Reviews

An Ideal Husband (Chichester Festival Theatre)

‘The pace is deathly slow and for a play with such a threadbare plot’

Patricia Routledge as Lady Markby
Patricia Routledge as Lady Markby
© Catherine Ashmore

If there were such a game as fantasy casting – a stage version of the footballing – then the final production of Chichester's summer season would surely feature a winning team. Patricia Routledge? A Fox? A Redgrave? Robert Bathurst? All present and correct.

Throw in Oscar Wilde's classic tale of a man whose position in society could be threatened by his own dark secret, and you have all the ingredients for a great evening at the theatre.

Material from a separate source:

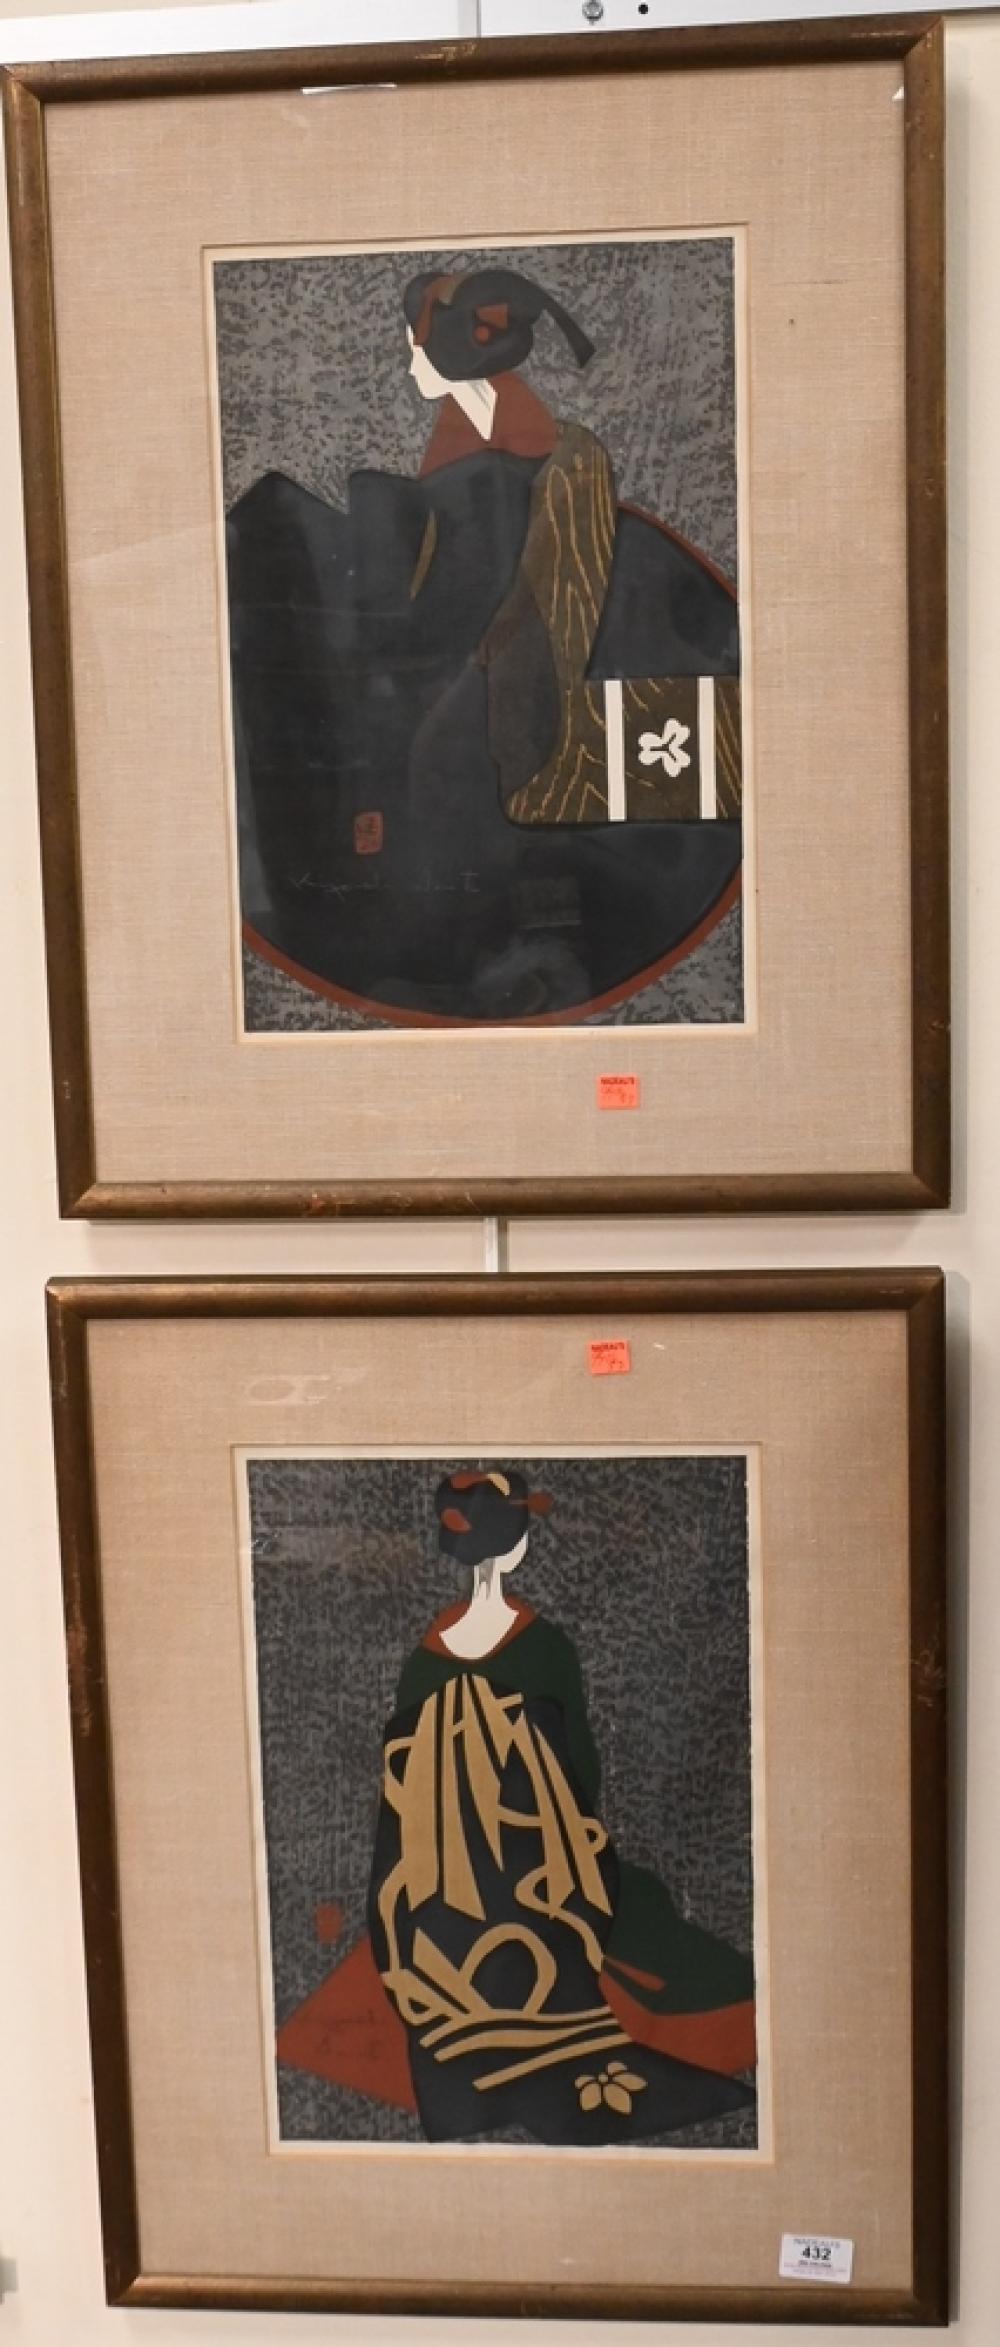 Pair of Kiyoshi Saito1907 - 1997Japanese Woodblocksto include Maiko and Geishaboth pencil signed Kiyoshi Saito and artist stamp...

There are the usual Wilde witticisms; barbs thrown at politicians and the upper classes, with many of the lines having a particular resonance today; when Sir Robert Chiltern, the eponymous ideal husband, proclaims that "spies are of no use nowadays. Their profession is over. The newspapers do their work instead", it's as if Wilde had anticipated the world of phone hacking.

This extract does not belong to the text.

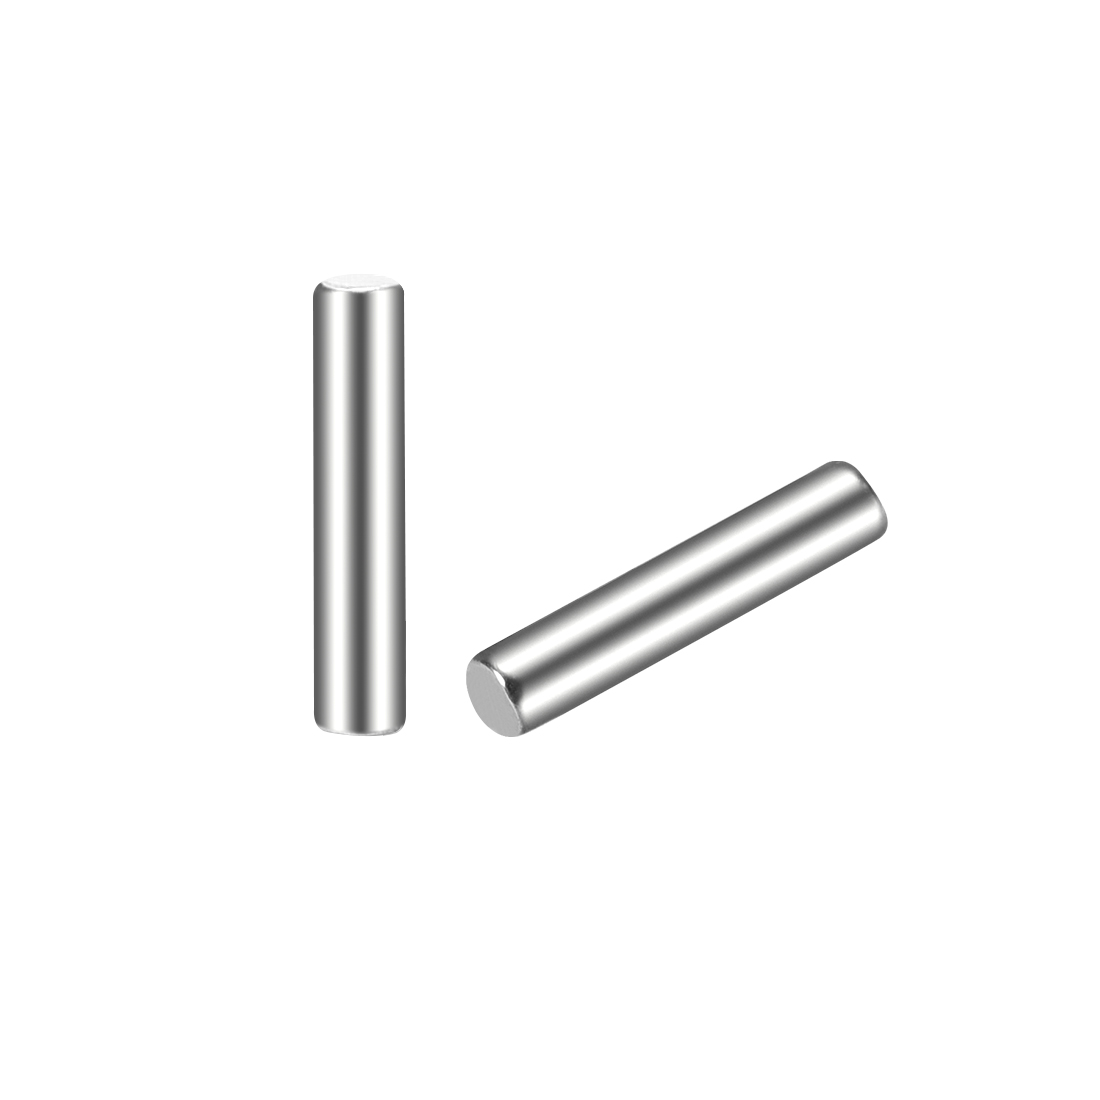 15Pcs 2mm x 10mm Dowel Pin 304 Stainless Steel Shelf Support Pin Fasten

And yet this is a less than ideal production. For a start, despite the modern parallels, it's a curiously old-fashioned piece. The central premise is exceedingly dated – the idea that a politician's career could be ruined by a piece of insider trading seems bizarre in an era of house-flipping and duck houses.

The Wildean epigrams do pall after a while and slow up the action. Patricia Routledge handles the minor part of Lady Markby superbly, and garners most of the night's laughter, but she adds nothing to the plot and makes a creaking piece even more unwieldy.

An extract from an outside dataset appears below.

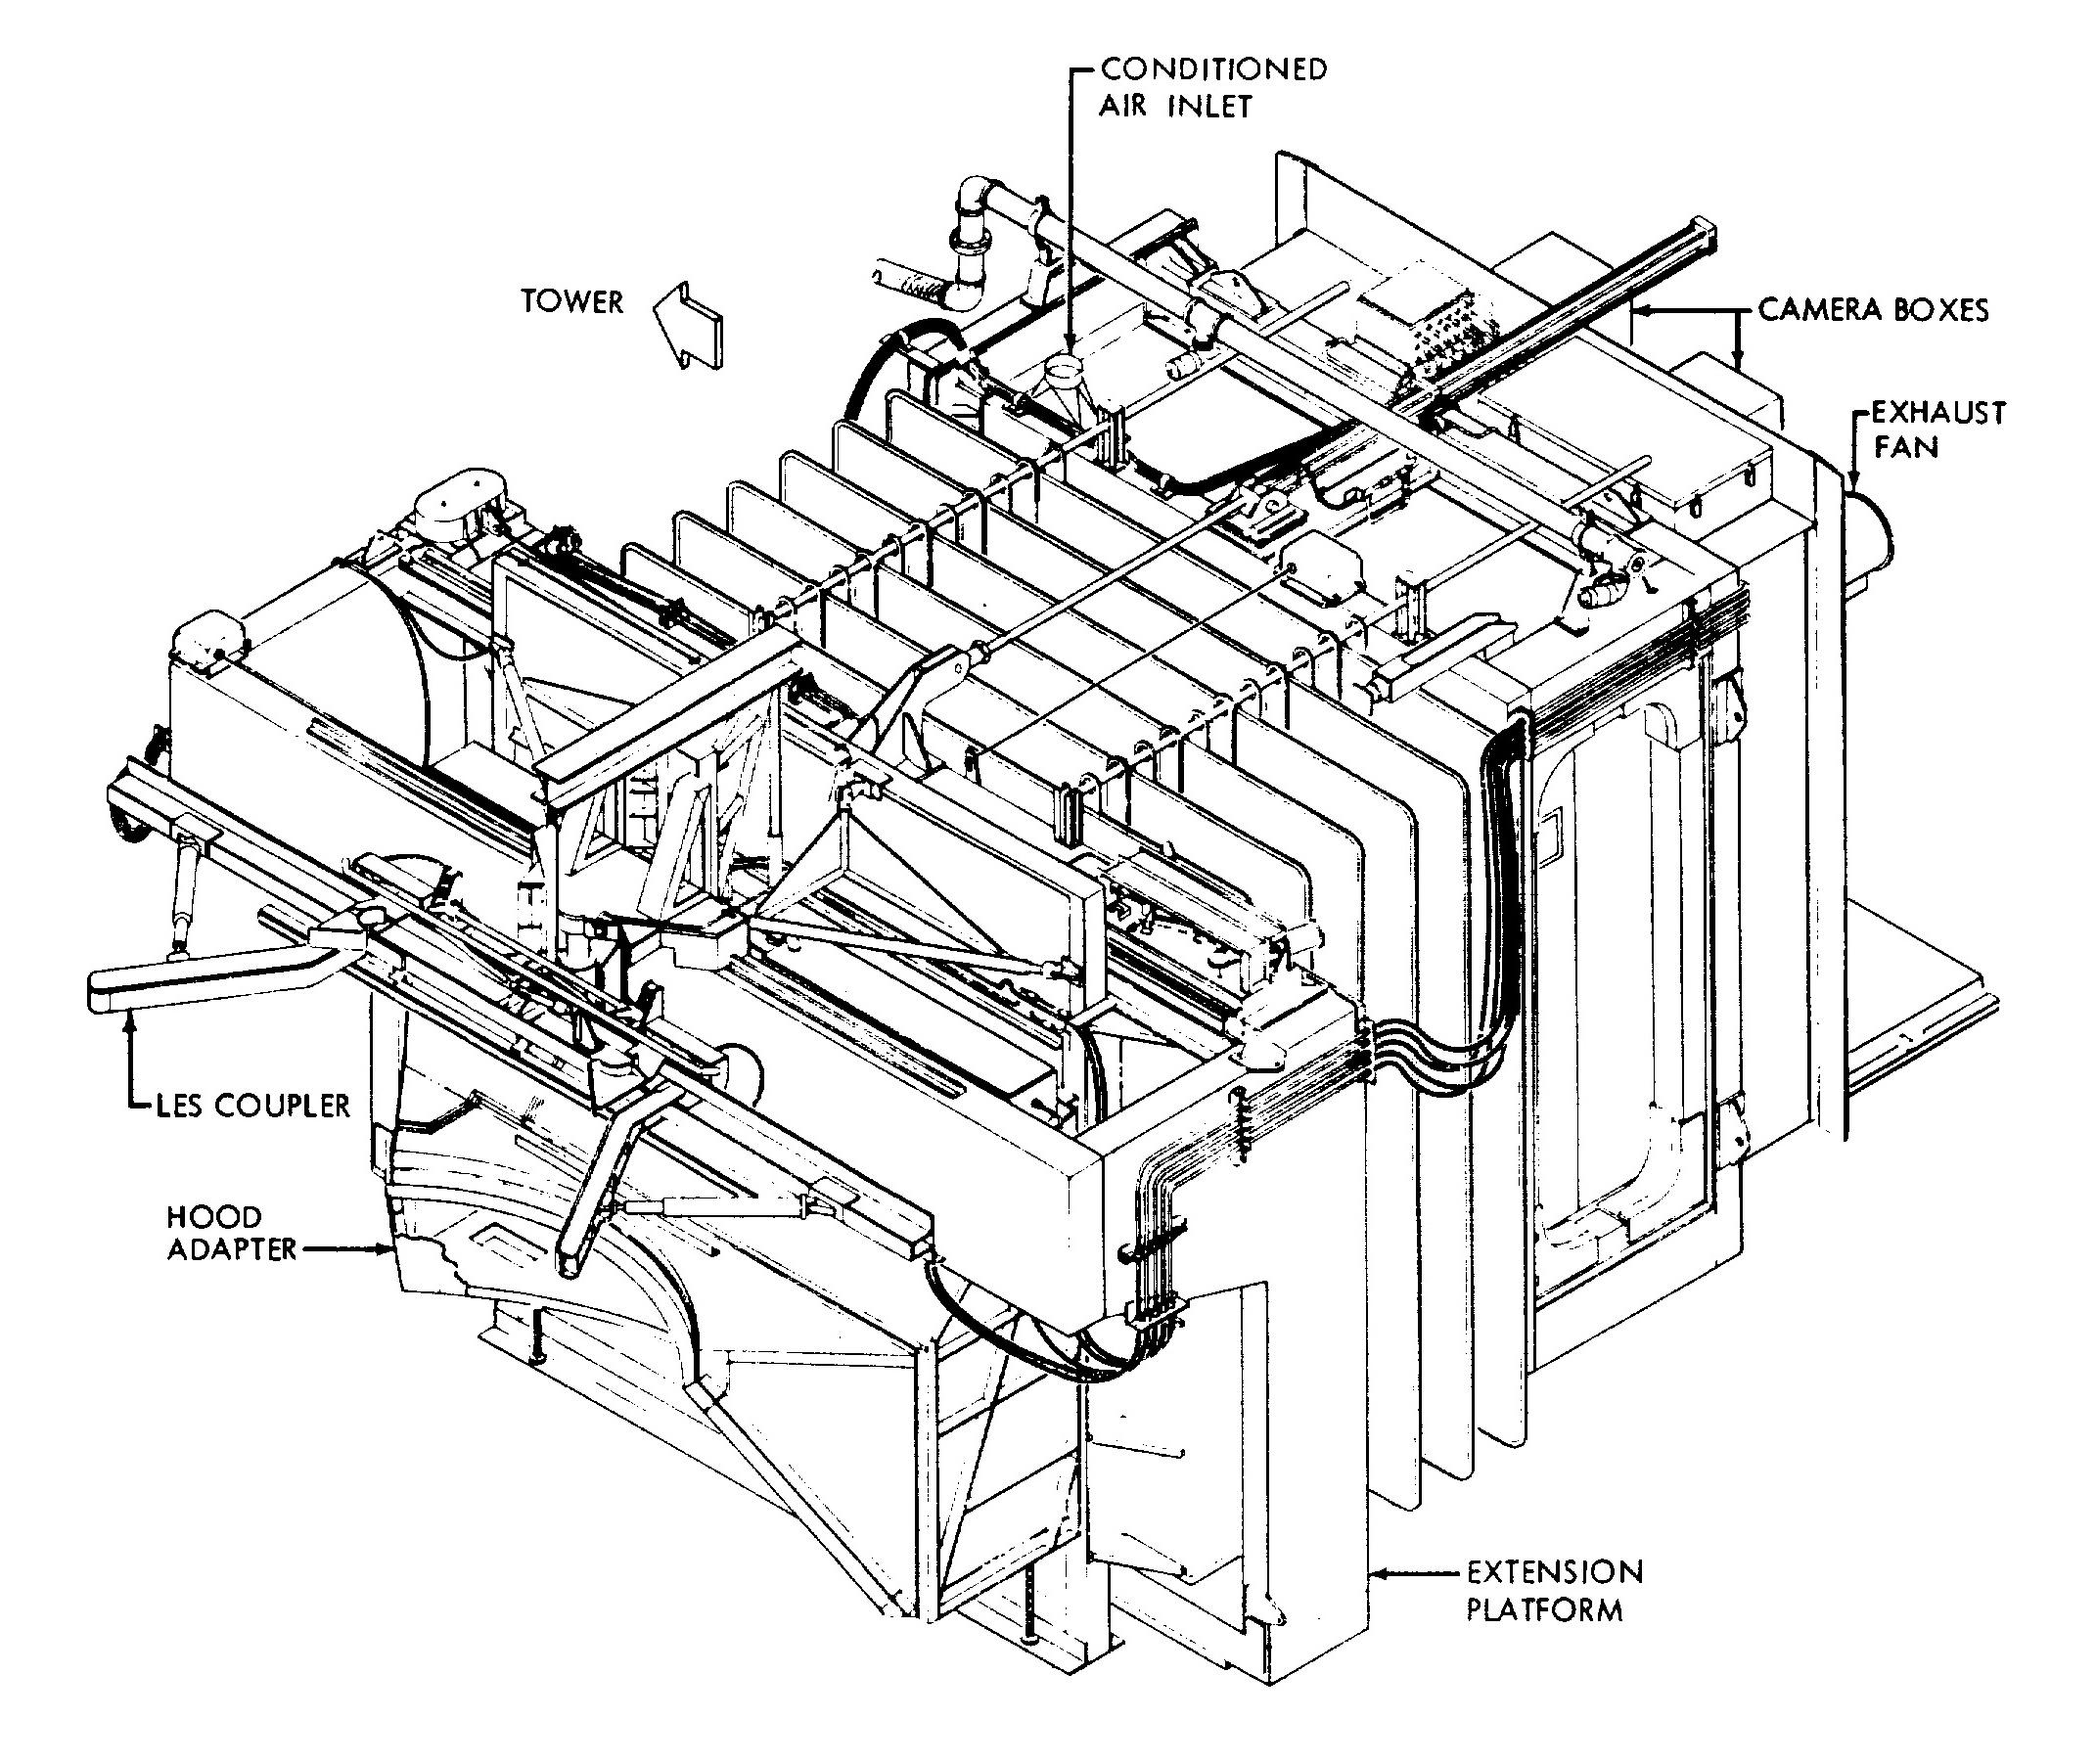 Acura Vigor Distributor Wiring Diagram. Acura. Auto Wiring

Is this is collection of one-liners? Is this an old-fashioned melodrama? Rachel Kavanaugh's production never seems to pull the threads together. The pace is deathly slow and for a play with such a threadbare plot and so little character development; its three hours duration is far too long.

There are some decent performances, especially Jamie Glover's witty and cynical Lord Goring and Amy Morgan's sparky Mabel Chiltern. Edward Fox's Lord Caversham is almost inaudible at the start but comes into his own in the final scene, dispensing bon mots like sweets to children.

Jemma Redgrave's Mrs Cheveley has the sultry and seductive voice of an adventuress but never really convinces as a villain; her scenes with Laura Rogers' Lady Chiltern are supposed to be battles between two arch-enemies, yet there's scarcely a hint of malice. And Robert Bathurst struggles manfully with the compromised Sir Robert but can make him little more than a caricature. But then Wilde was scarcely interested in analysing character, the temptation for another witty one-liner was always too great.